[Qt-interest] Concurrent qnetworkrequest's to same domain
Marcus Williams
marcus-qt at quintic.co.uk
Wed Jul 22 16:30:43 CEST 2009
Thiago Macieira wrote:
>> If I want to bump this up does the act of using more than one get
>> around this limit (so do I get 2 per manager) or is this 2
>> outgoing connections to a single domain shared across all
>> managers?
>
> The limit is per manager. Managers don't talk to each other.
>
> But you shouldn't have more than one manager, since they won't share
> other things like cookies and proxy settings.
Ok, that shouldnt pose a problem - the application in question talks to
a web service that in turn passes back some urls that need to be
downloaded. These urls point to static documents. So its these documents
(that are all on a single domain) that I need to download concurrently.
No cookies, and proxy/auth can be set up on a per manager basis if needed.

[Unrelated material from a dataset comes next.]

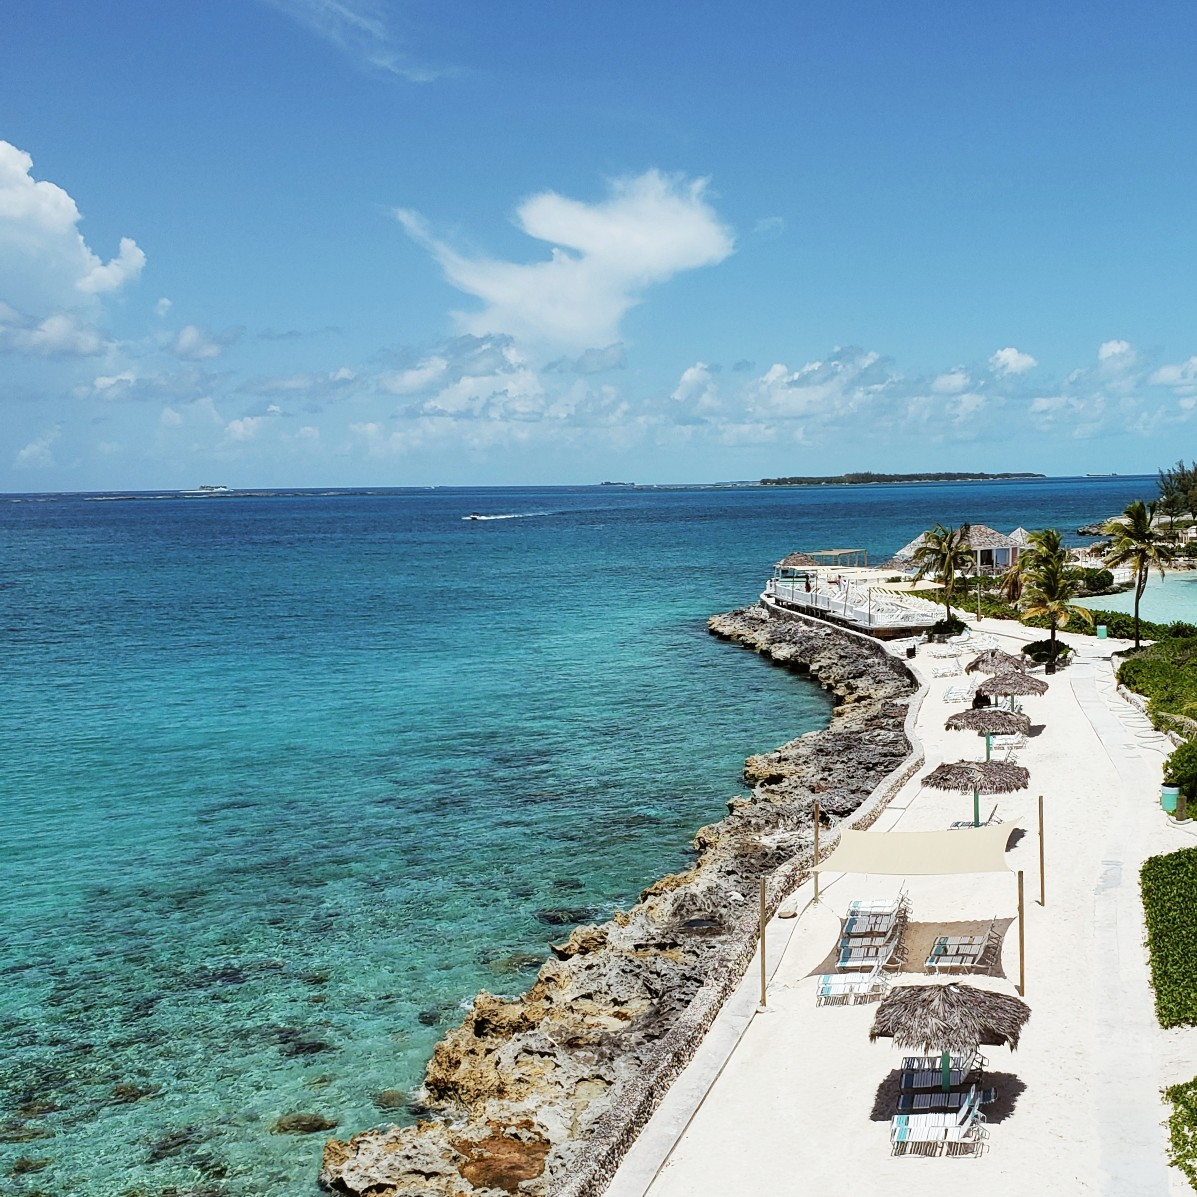 Teal Blue Water Pearl Island Bahamas

>> I have a download manager thread in a client talking to a single
>> assets server. It uses a single networkaccessmanager object. All
>> download requests are queued up as network requests on this object
>> and the thread deals with the download signals as required.
>
> I'd say the thread is completely redundant. But separate managers is
the only
> way to have multiple threads.
You're probably right about the thread, I'm not sure anymore that it is
necessary. I seem to remember I couldnt get the requests to work without
it and still keep the UI from blocking entirely. I understand the event
loop a little more now :)
> The signals are thread-safe.
>
> Accessing the objects isn't. You can only access it from the thread
that they
> were created in (the QNetworkAccessManager thread). You can't
moveToThread.
> Which is why you shouldn't use threads to deal with QNAM.
Not sure what you mean here. I create the networkrequest in the
downloadmanager thread directly:
QNetworkRequest request;
.. set up headers...
QNetworkReply *reply = m_netManager->get(request);
So request and reply are owned by the download manager thread arent they?
I then connect the slots/signals in the same method:
connect(reply, SIGNAL(finished()), this, SLOT(slotFinished()));
..
In the slotFinished I pull the reply from QObject::sender() and the
request object from the reply itself. I do what I need to do with the
document (save it somewhere, insert it in a db whatever) and then exit
from the slot. I may also kick off more downloads from within the
slotFinished code.
> We're also working on a priority concept which would allow QNAM to
override
> the socket limit and open a new connection.
This is probably what I'm looking for now :)
Is the max connection limit hackable if we build qt from scratch (we do
this already, so if its a simple change this might be the easiest).